A simplicity that is very well illustrated in this quarter of a century-old picture from Sun Microsystems showing how “Duke the JavaBean” interacts with JavaSpace instances moving elements around.

This is also a good example of how a library works; some create new books that are made available in the library. Others wait for books to read, and others take books on a loan. Others work on the backside, moving books from one section (space) to another, or for that matter, from one library to another.

Figure 3: JavaSpaces at work

Figure 3 illustrates what this blog post started out with, separation of concern and the importance of separating the right concerns. There is a huge potential in decoupling workers (applications) from the inventory management that is better done by a library.

A digression. My soon 25-year-old master thesis demonstrated that a JavaSpace-based implementation of a collaborative business problem was half the size of the solution built with the more traditional technology of the time. That, in many ways, shows the effect of having a data platform in place and the value from separating data from business logic.
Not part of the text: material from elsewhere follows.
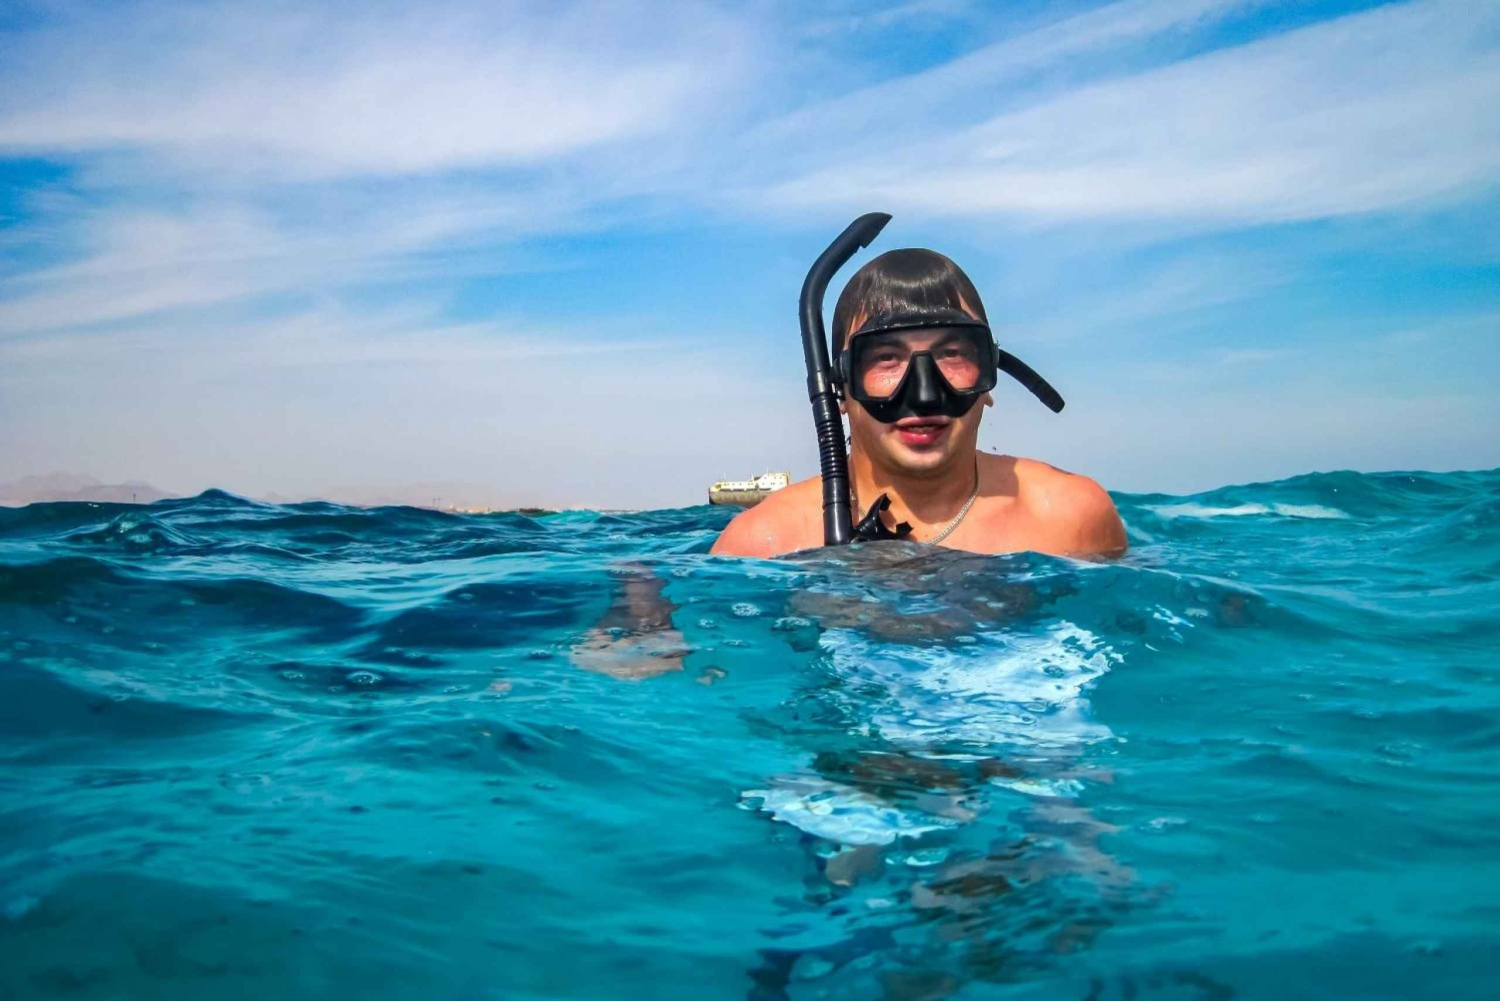 Sharm: Snorkel from the Shore, Mangroove Trees & Salt Lake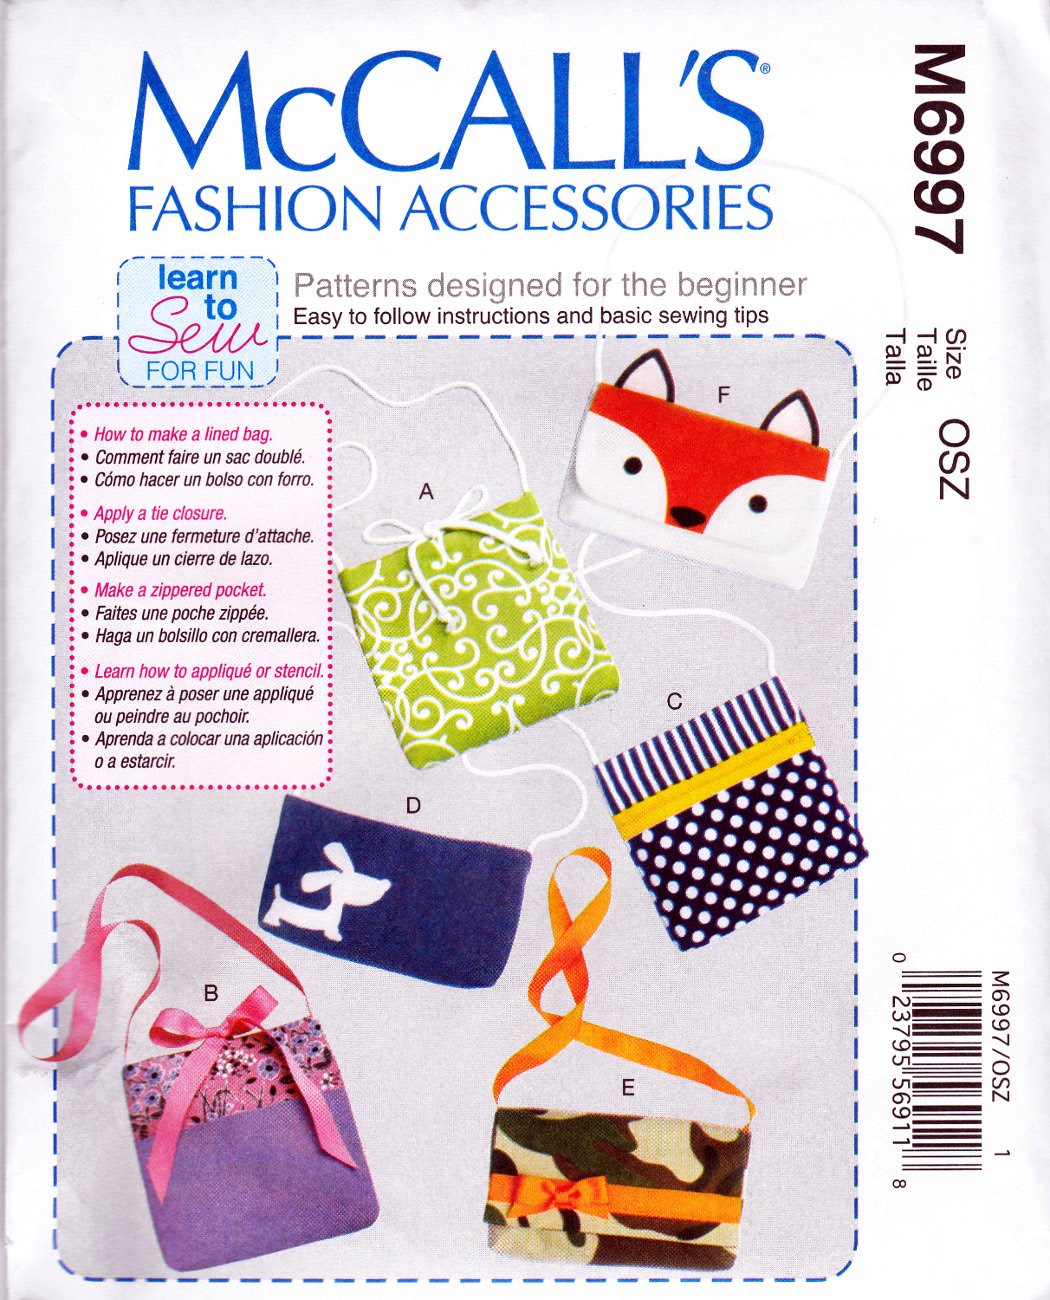 McCall's 6997 M6997 Fashion Accessories Sewing Pattern Bags Purses Totes Learn To Sew Girls Size OSZ

The OSDU® Data Platform work has thought us that the development of an industry wide data platform does not come for free and require collaboration on global scale. The OSDU® Data Platform development has also demonstrated that this is possible within one of the most conservative industries of this world, something that mean its doable in other sectors as well. Their benefit beeing that they can stand on the shoulders of what has already been achieved. A working technological framework is made availble for those who want to explore it.